**INSTRUCTIONS FOR THE TASK:**
Below are records with pictures. Reproduce exactly the lines from the line with "9840581183fa Jordan-DNA-UNC-Bulls-Shorts-2 - WearTesters" to the line with "结果实香蕉连续结果实isolat的苹果橙色苹果桔子 库存图片", inclusive, and leave each picture out.

**DATA TO EXAMINE:**

------------------------------------------------------------------------

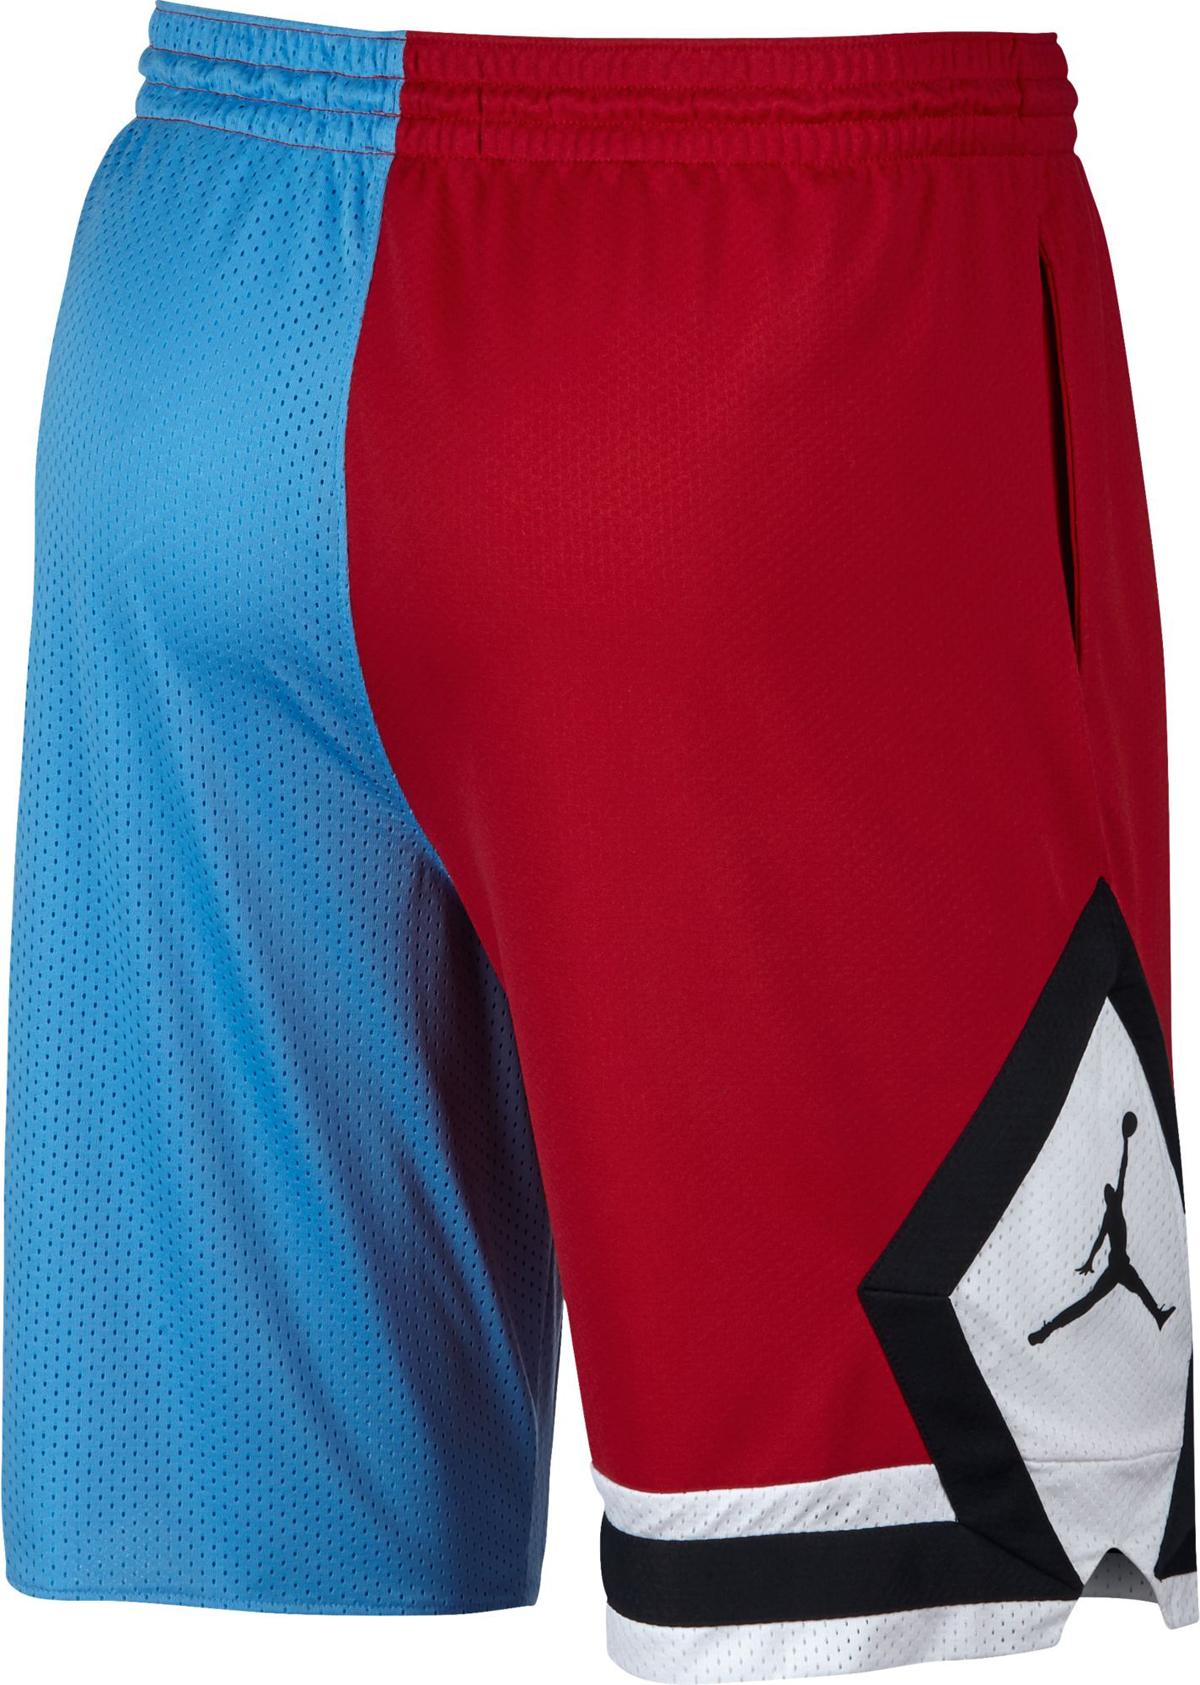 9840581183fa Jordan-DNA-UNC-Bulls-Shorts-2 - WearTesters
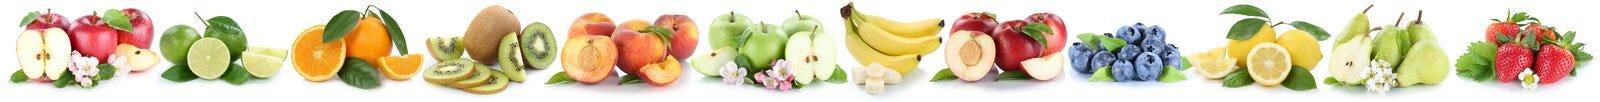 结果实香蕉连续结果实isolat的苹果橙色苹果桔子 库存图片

------------------------------------------------------------------------

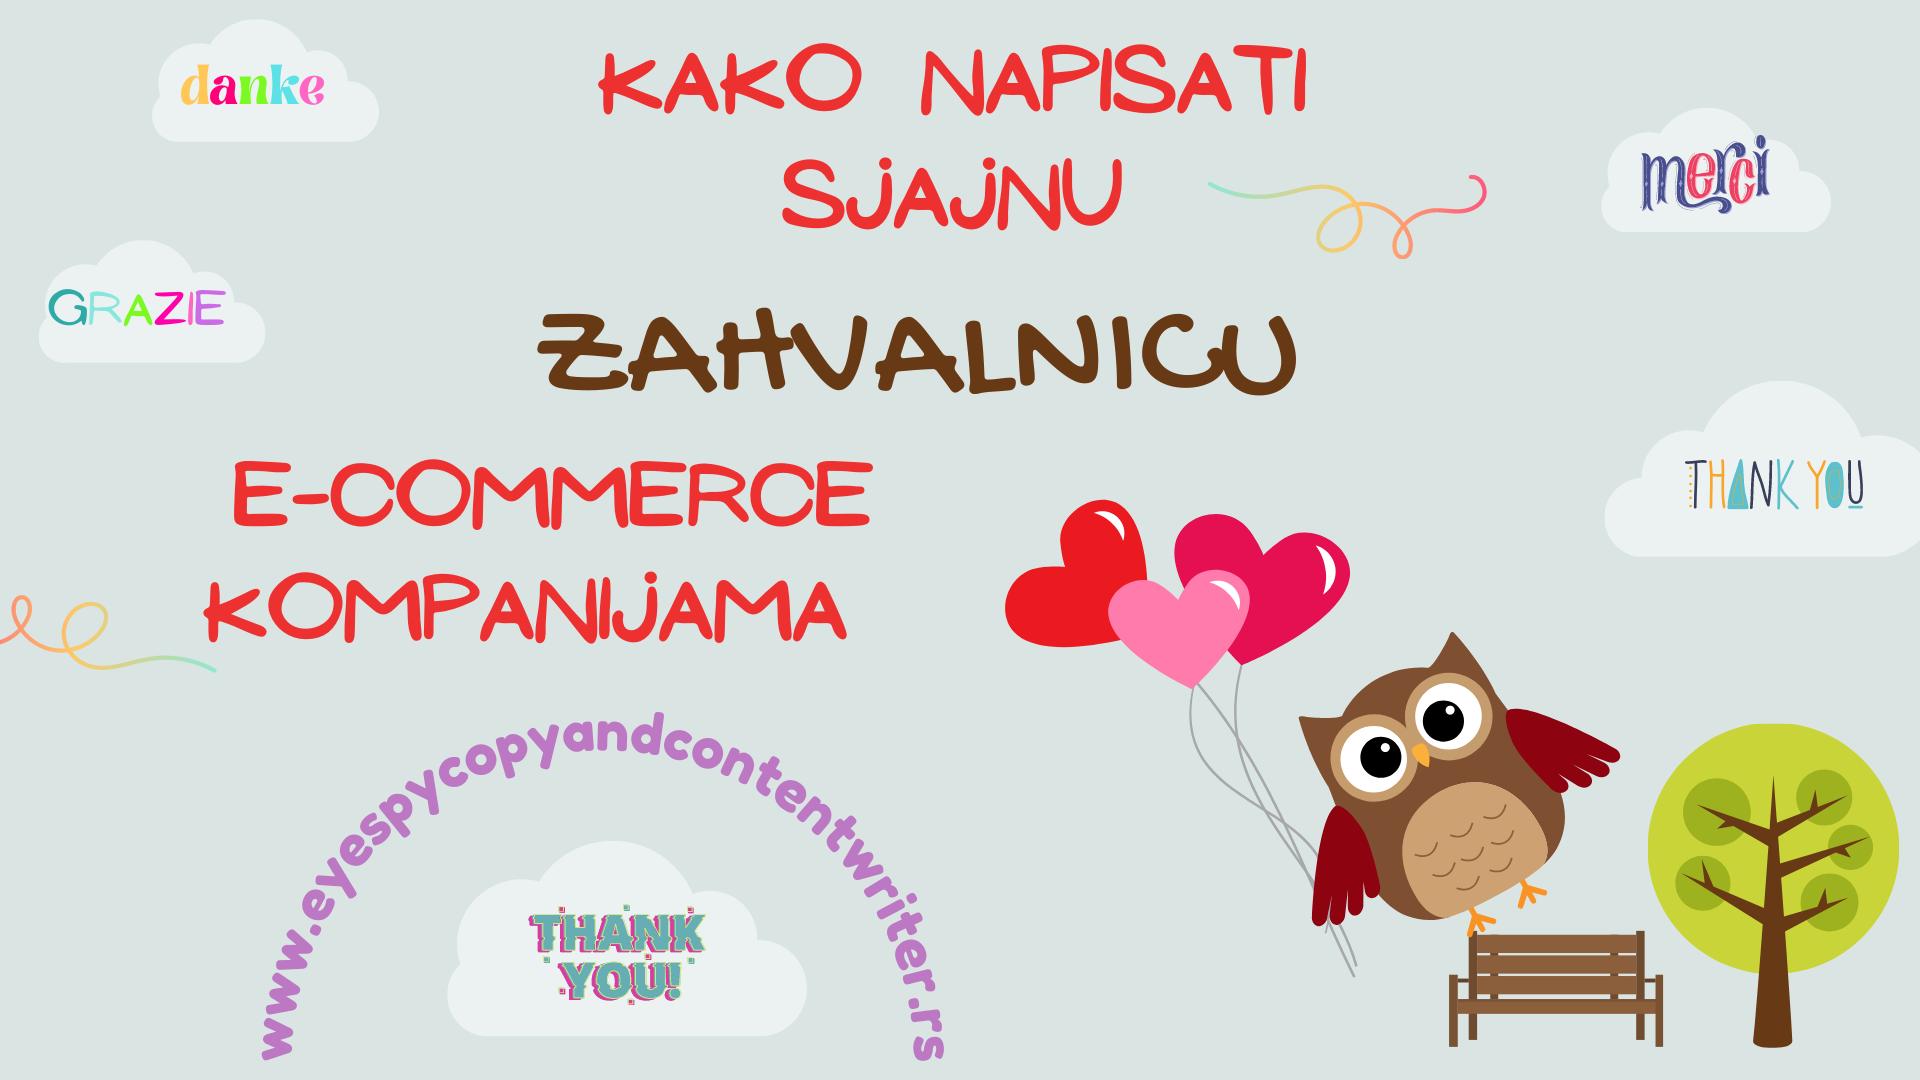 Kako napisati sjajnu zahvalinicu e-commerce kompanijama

------------------------------------------------------------------------

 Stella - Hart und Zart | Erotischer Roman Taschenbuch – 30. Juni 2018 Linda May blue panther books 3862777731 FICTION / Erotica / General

------------------------------------------------------------------------

**EXERCISE RESULT:**
 9840581183fa Jordan-DNA-UNC-Bulls-Shorts-2 - WearTesters
 结果实香蕉连续结果实isolat的苹果橙色苹果桔子 库存图片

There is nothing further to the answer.